I know who he’s getting it, but I’m having so much fun I don’t want it to end.

“Only one way to find out,” he tells me.

“Is that why the guide looked at you like that?” I ask. “Like the two of you had a secret?”

He shrugs, sitting down near the rocks with a dead-eyed look for me.

“Get your cute butt over here and dig,” he growls.

I flop down next to him then, pushing away some sand in the center of the rocks. It looks like the top of something...a small wooden chest?

Curious, I dig deeper and lift the chest out of the sand.

“What’s this? What did you do?” I ask.

“That’s your wedding present.”

“Really?” I ask, touched by his thoughtfulness.

He nods solemnly.

Lifting back the lid, I stare at what looks like a large metallic skeleton key in the bottom, then look up at him.

He lifts it out of the box for me. “This key still works on the doors inside.”

“Doors?”

“Aunt Faye’s house,” he says, wagging a finger like it’s all obvious.

O-kay. Odd.

I take the heavy key, passing it back and forth, thinking as I feel its weight.

“Why give me a key that works on some doors at your aunt’s place?”

“Because it’s your house now, Shel. I drummed up a few donations and pitched in myself to buy it from Faye. All for you.” He pauses, kissing me again. “All for my adorable, dorky, history-obsessed wife. There’s a new account waiting for you, too, already loaded with cash from everybody who cares about preserving memories. The Barnets and Larkins alone tossed in enough to keep things going without making a dime for at least the next five years. So turn my aunt’s place into Dallas’ own museum. Whatever you decide to call it.”

Mind. Blown.

I slap a hand over my mouth and try not to short-circuit in his arms. Besides screaming with glee, I don’t know what to say, or do, or how I can ever repay him.

“Y-you’re serious? This isn’t one of your silly jokes?”

“My jokes are dumb as hell, but when are they cruel?” he says with a smirk.

“Seriously-seriously?” I whisper.

“Seriously, baby.”

“Oh, my—” An ecstatic sob steals my voice.

I kiss him. Hug him. Scratch him like I’m an overstimulated puppy.

Laughing, he grabs my wrists, urging calm.

“Easy. There’s just one little hitch you should know about...”

“What? Anything! I don’t think anything could ever ruin this, West.”

“Good, because Aunt Faye wants a job at the museum when it opens,” he says.

“Done!” I laugh, sinking into his arms again, forever my safe harbor. “She can teach Hercules to tap dance for a special exhibit for all I care.”

“Just one day a week,” he says. “She can’t work much more than that because she’ll be busy enough at the B&B.”

I throw myself at him again so hard he loses his balance. We actually tumble over into the sand together.

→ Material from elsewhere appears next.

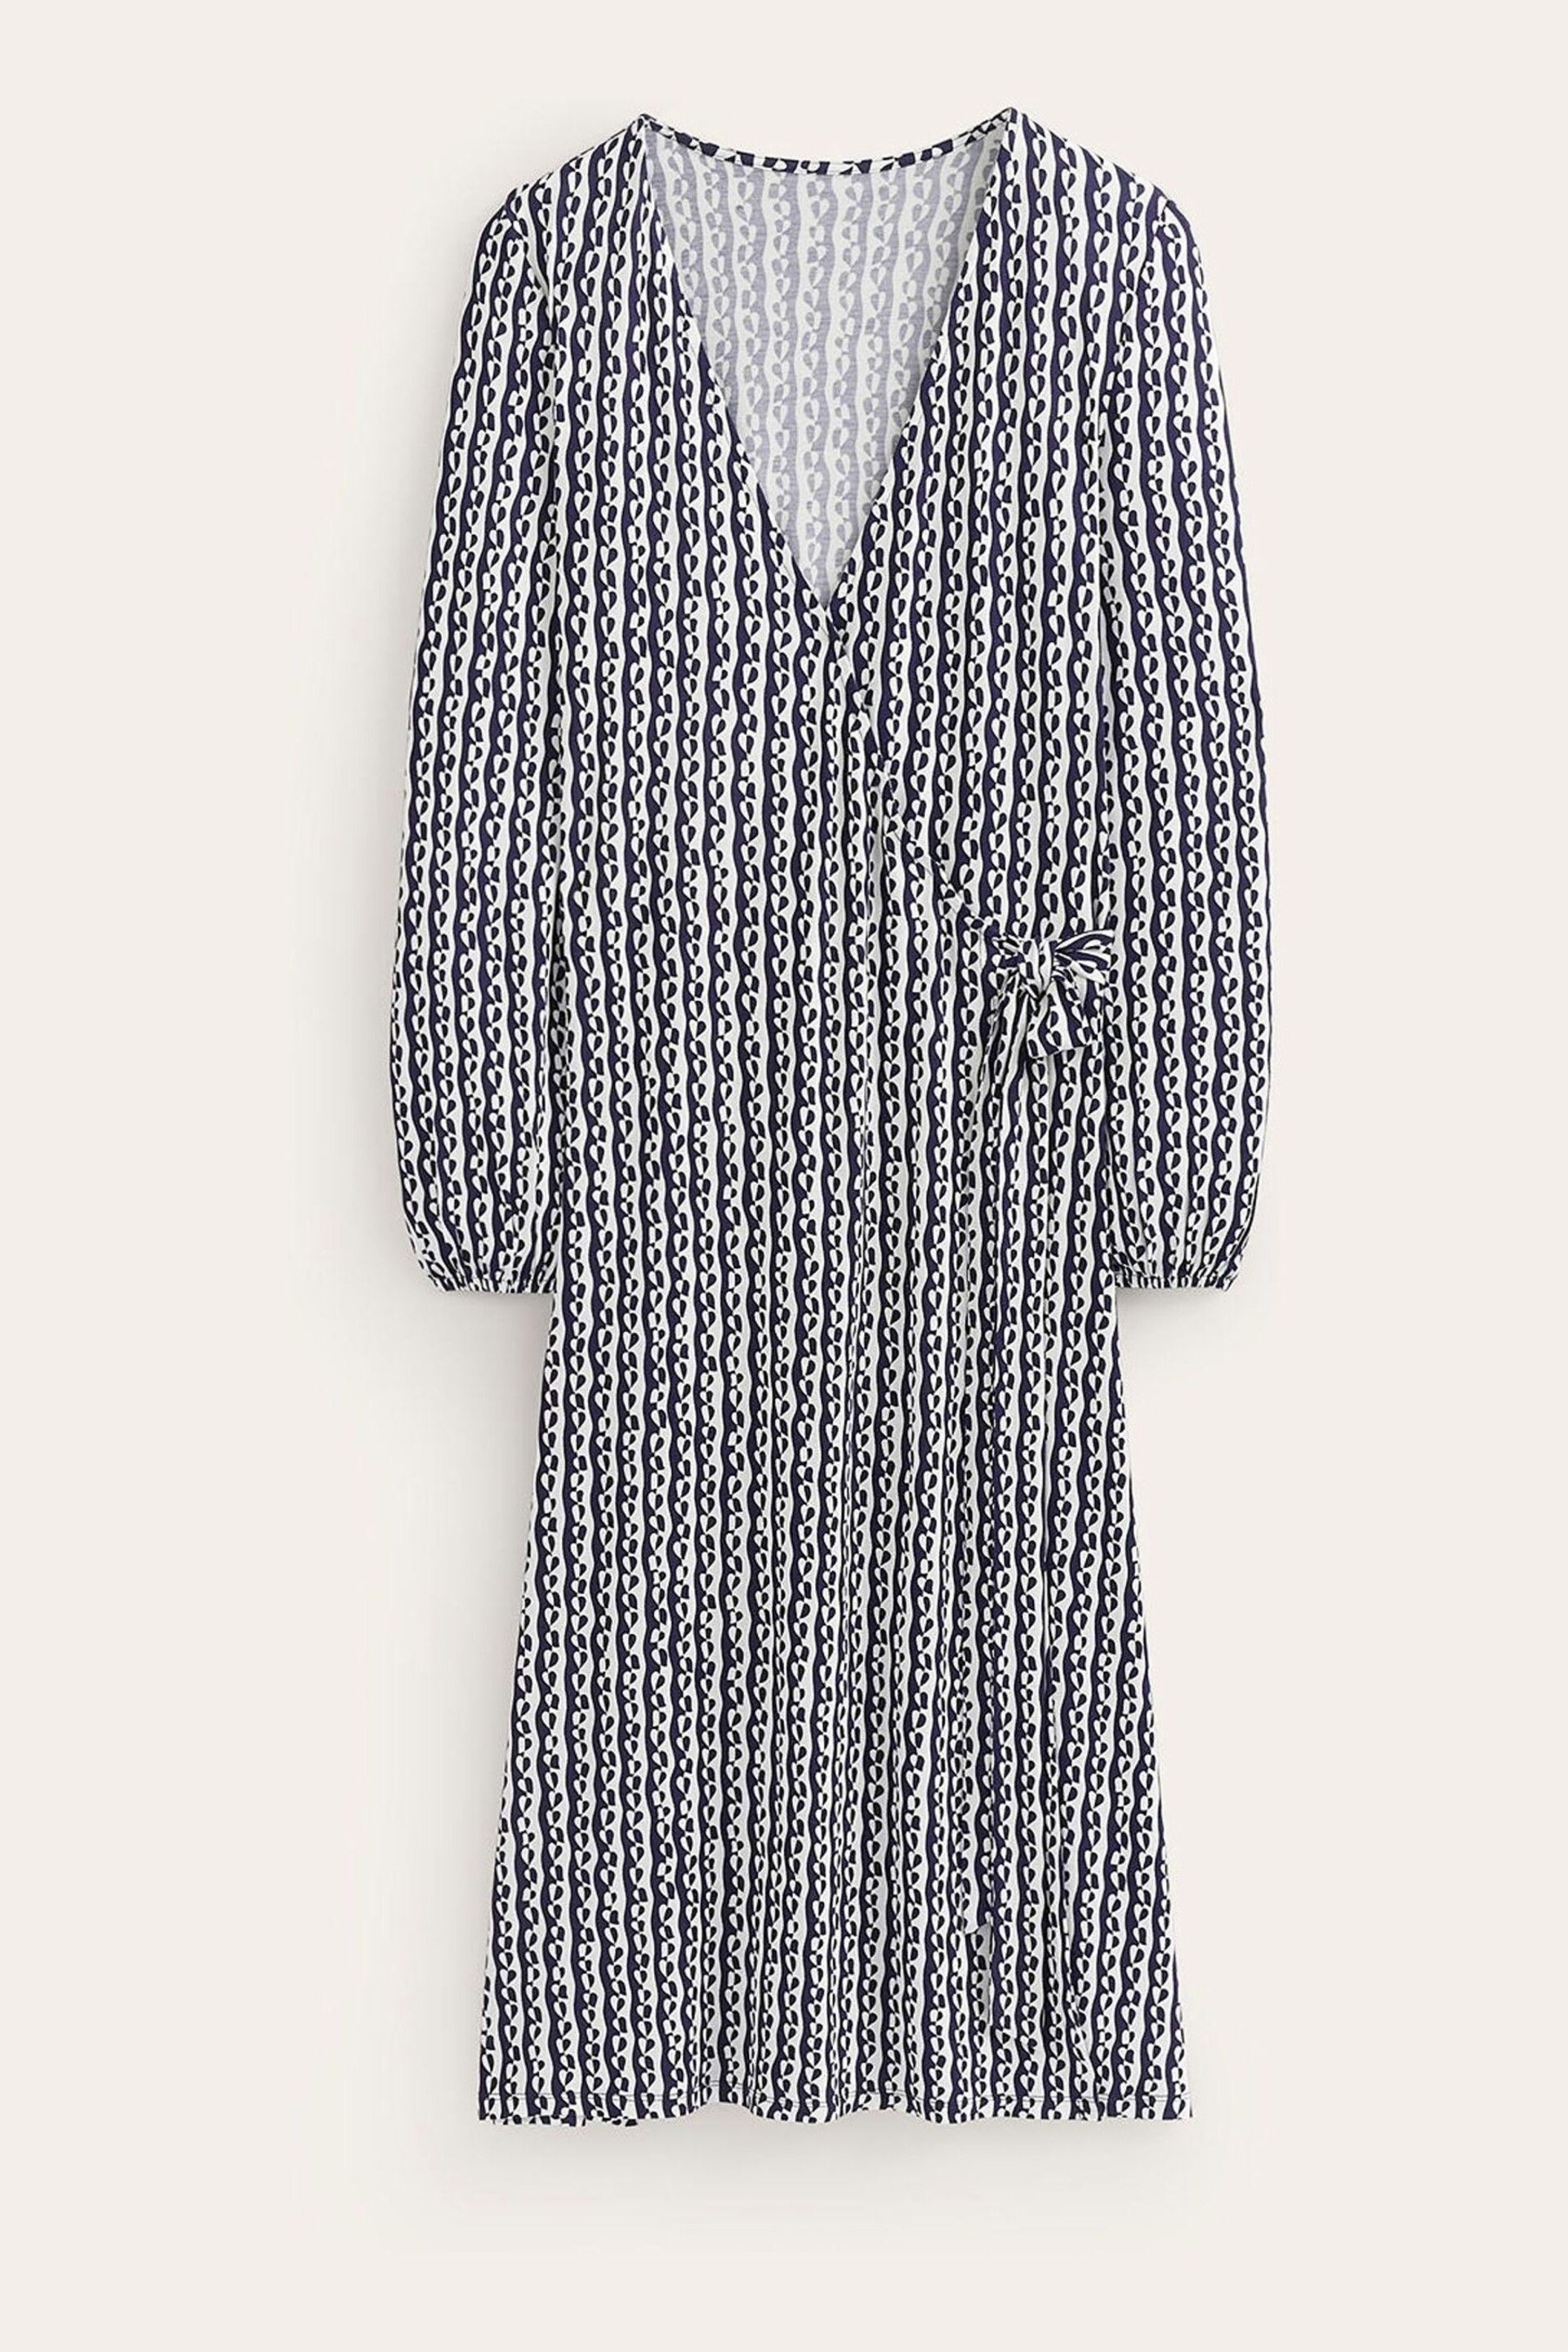 Boden Blue Joanna Jersey Midi Wrap Dress - Image 5 of 5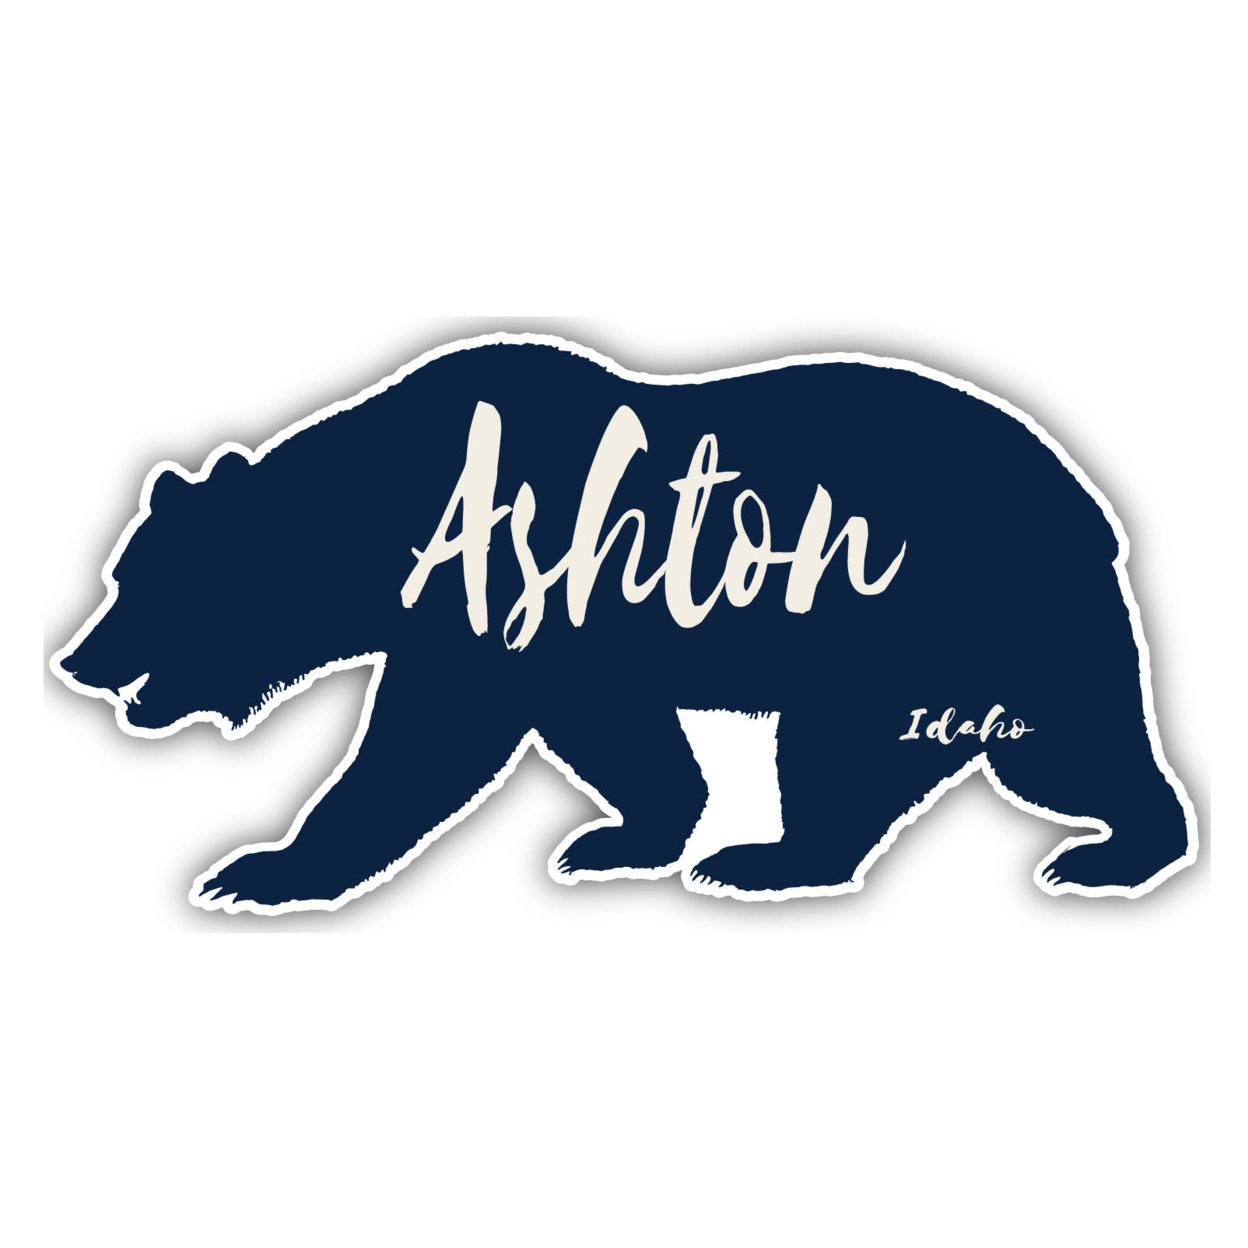 Ashton Idaho Souvenir Decorative Stickers (Choose Theme And Size) - 4-Pack, 10-Inch, Adventures Awaits

“You have no idea how much I love you, dream man,” I say.

“Shit, just don’t start calling me that,” he says with a booming laugh. “And I know you love me. Without even trying, you make me feel like the luckiest dude in the universe.”

“Oh, good. Because you’re stuck with Mrs. Luckiest.”

“I’m stuck with a pig,” he grumbles, and I laugh because he can’t hide his affection for the third wheel of our family anymore. “You, I choose every damn day. You’ll be my first, second, third, and thousandth pick forever.”

Have I mentioned I love this man?

Later, we definitely both get luckier, back in our bungalow and surrounded with glowing candles.

Every naked kiss reaffirms our pact as the worst best friends.

We were never meant for longing, and now that we’re together, I’ll never want for anything else.